-- AVAILABLE DATA follows --
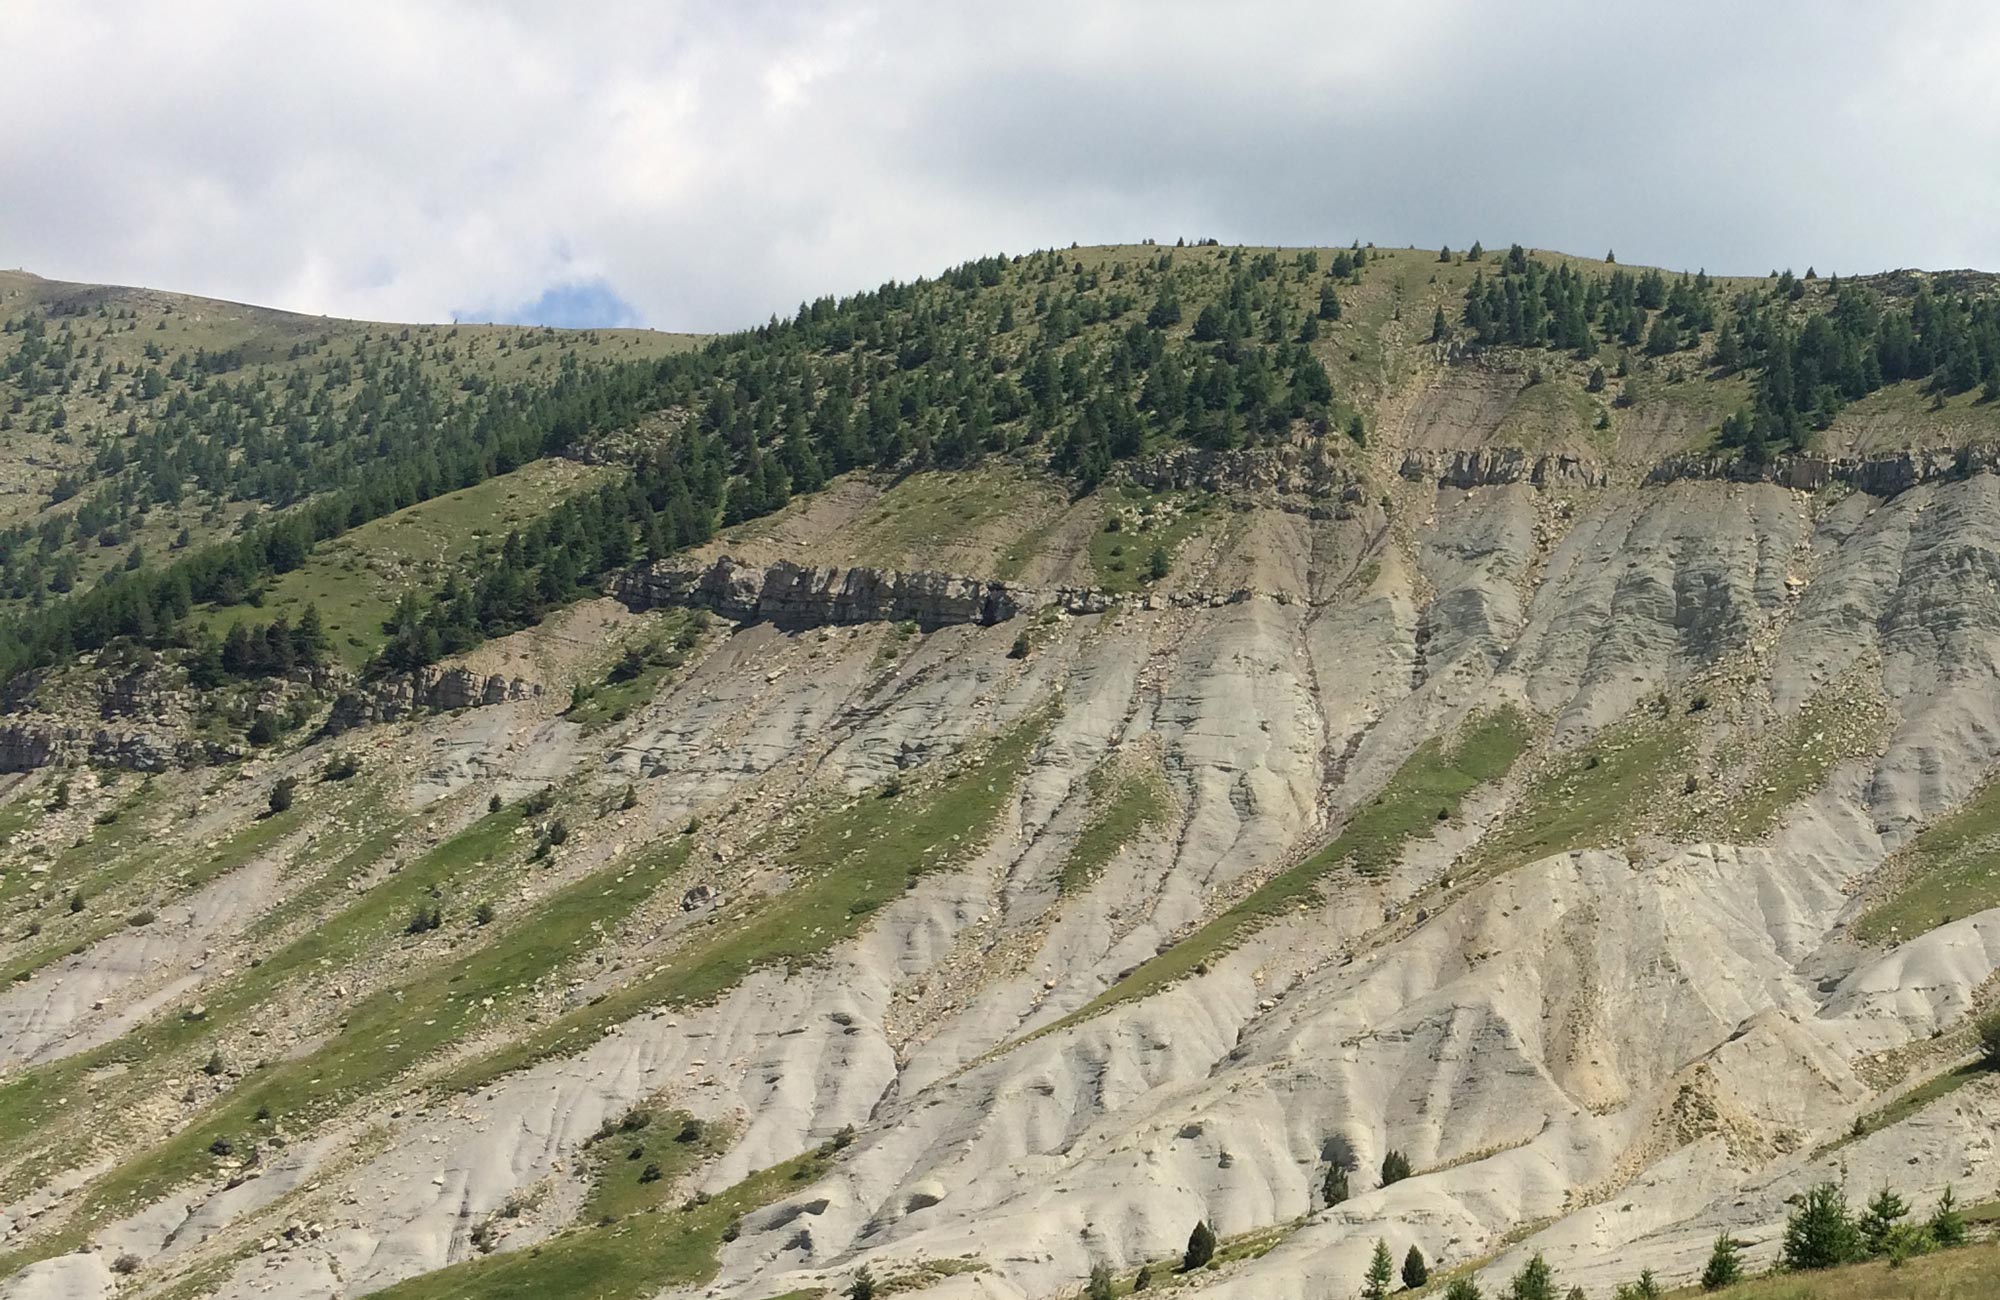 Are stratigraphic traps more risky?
-- AVAILABLE DATA concluded --
-- AVAILABLE DATA follows --
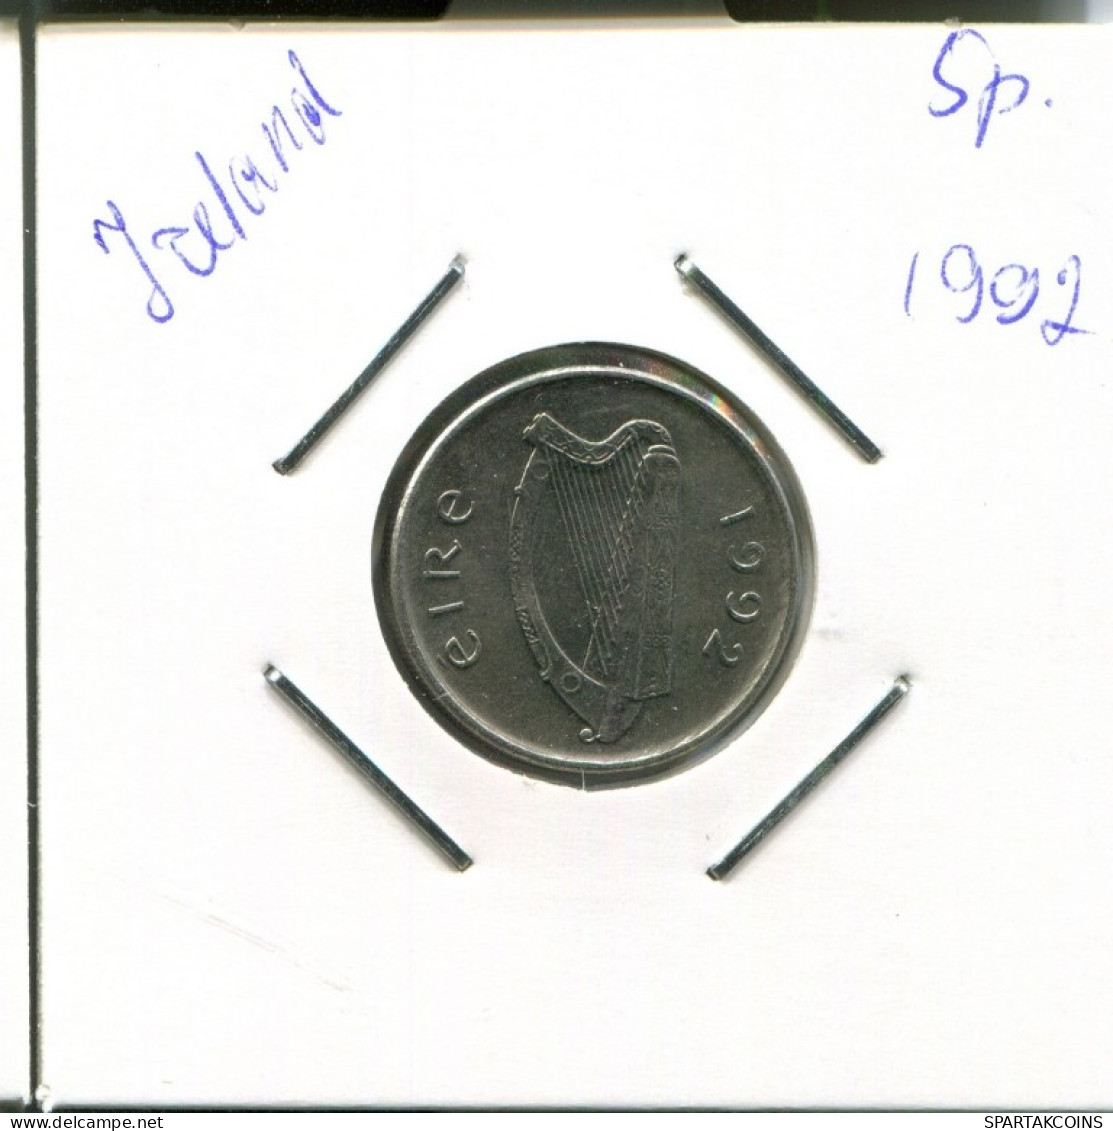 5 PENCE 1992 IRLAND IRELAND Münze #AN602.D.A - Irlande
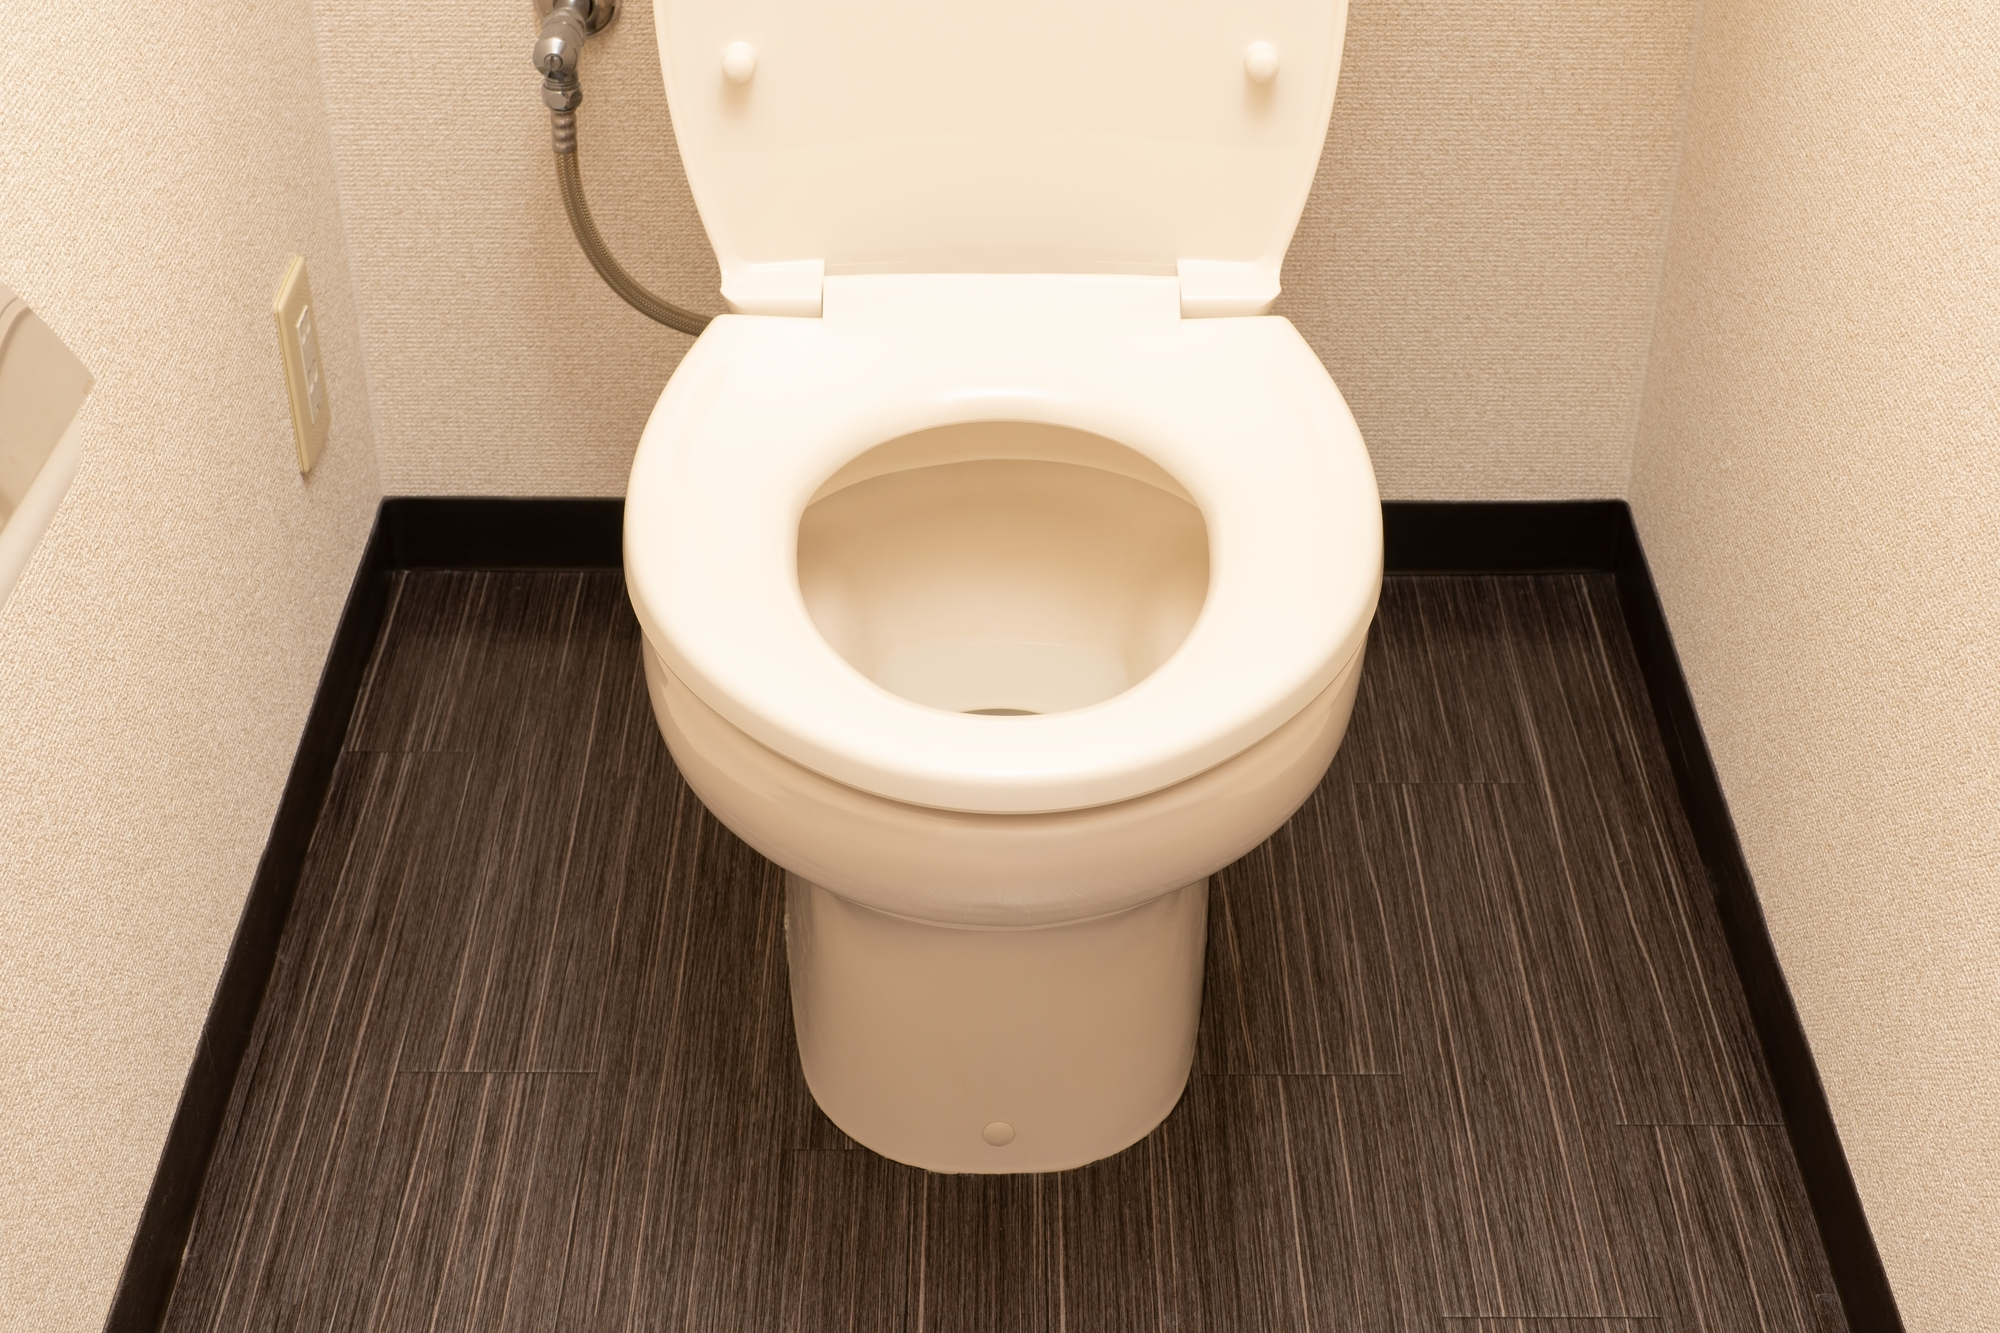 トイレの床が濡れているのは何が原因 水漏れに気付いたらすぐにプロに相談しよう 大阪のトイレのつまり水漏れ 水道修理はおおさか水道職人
-- AVAILABLE DATA concluded --
-- AVAILABLE DATA follows --
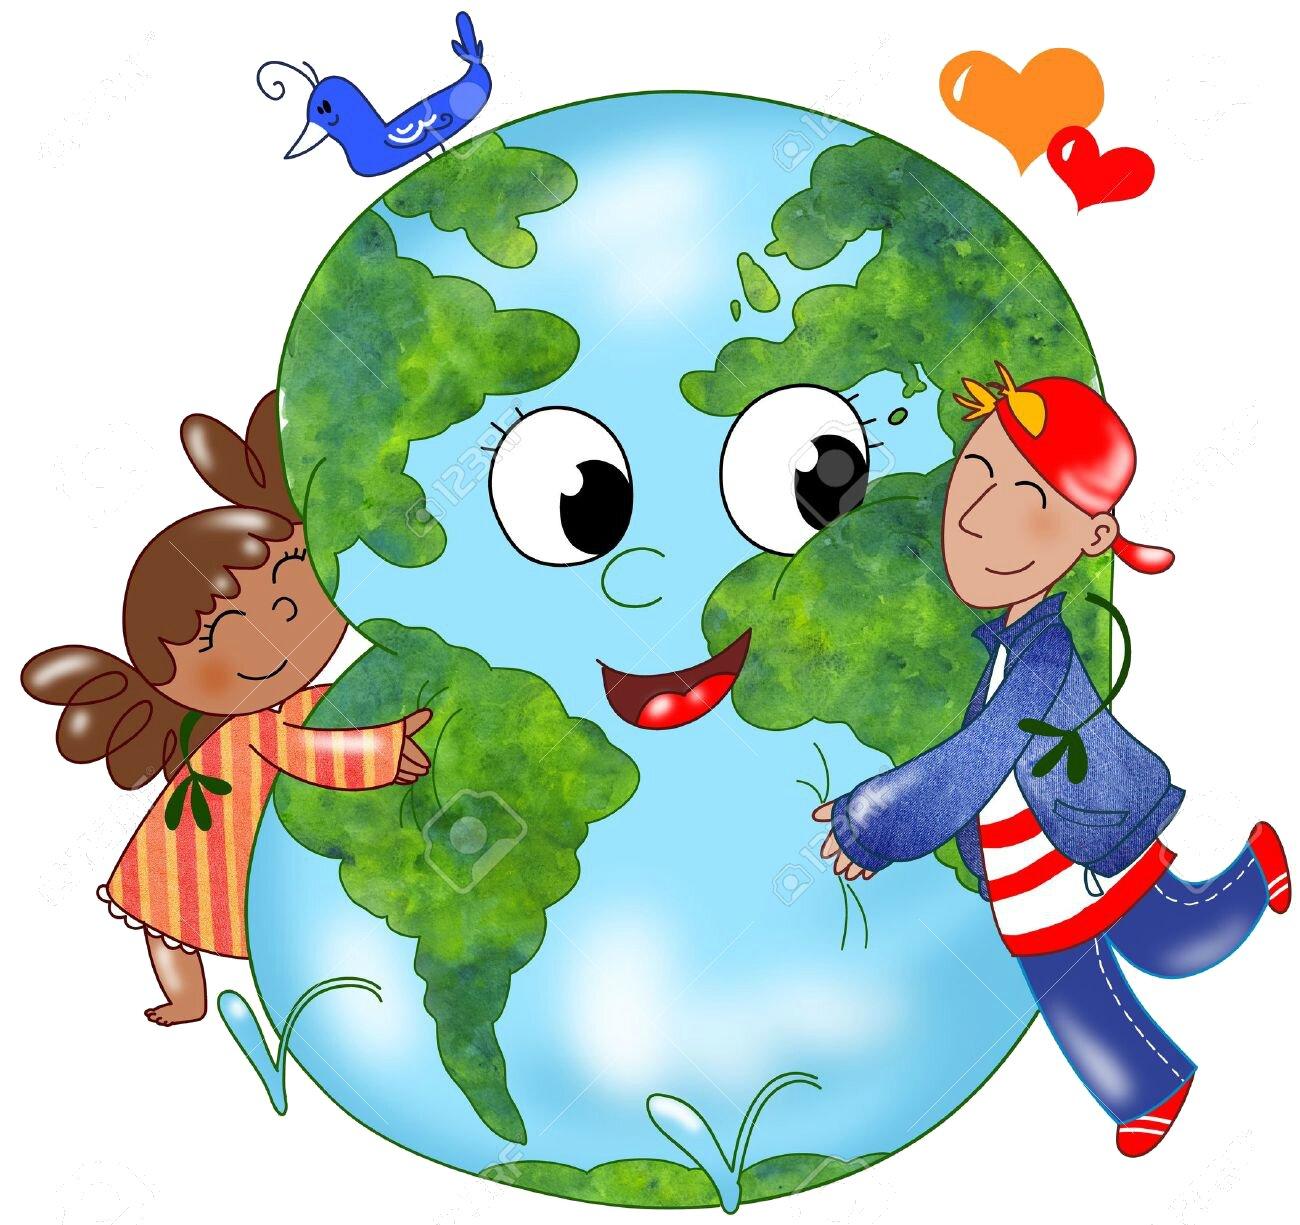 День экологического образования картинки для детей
-- AVAILABLE DATA concluded --
* _WORK ITEM_:
Set down exactly the lines above, from the line containing "5 PENCE 1992" through the line containing "トイレの床が濡れているのは何が原因 水漏れに気付いたらすぐにプロに相談しよう 大阪のトイレのつまり水漏れ". Skip the pictures.

* _ANSWER BELOW_:
 5 PENCE 1992 IRLAND IRELAND Münze #AN602.D.A - Irlande
 トイレの床が濡れているのは何が原因 水漏れに気付いたらすぐにプロに相談しよう 大阪のトイレのつまり水漏れ 水道修理はおおさか水道職人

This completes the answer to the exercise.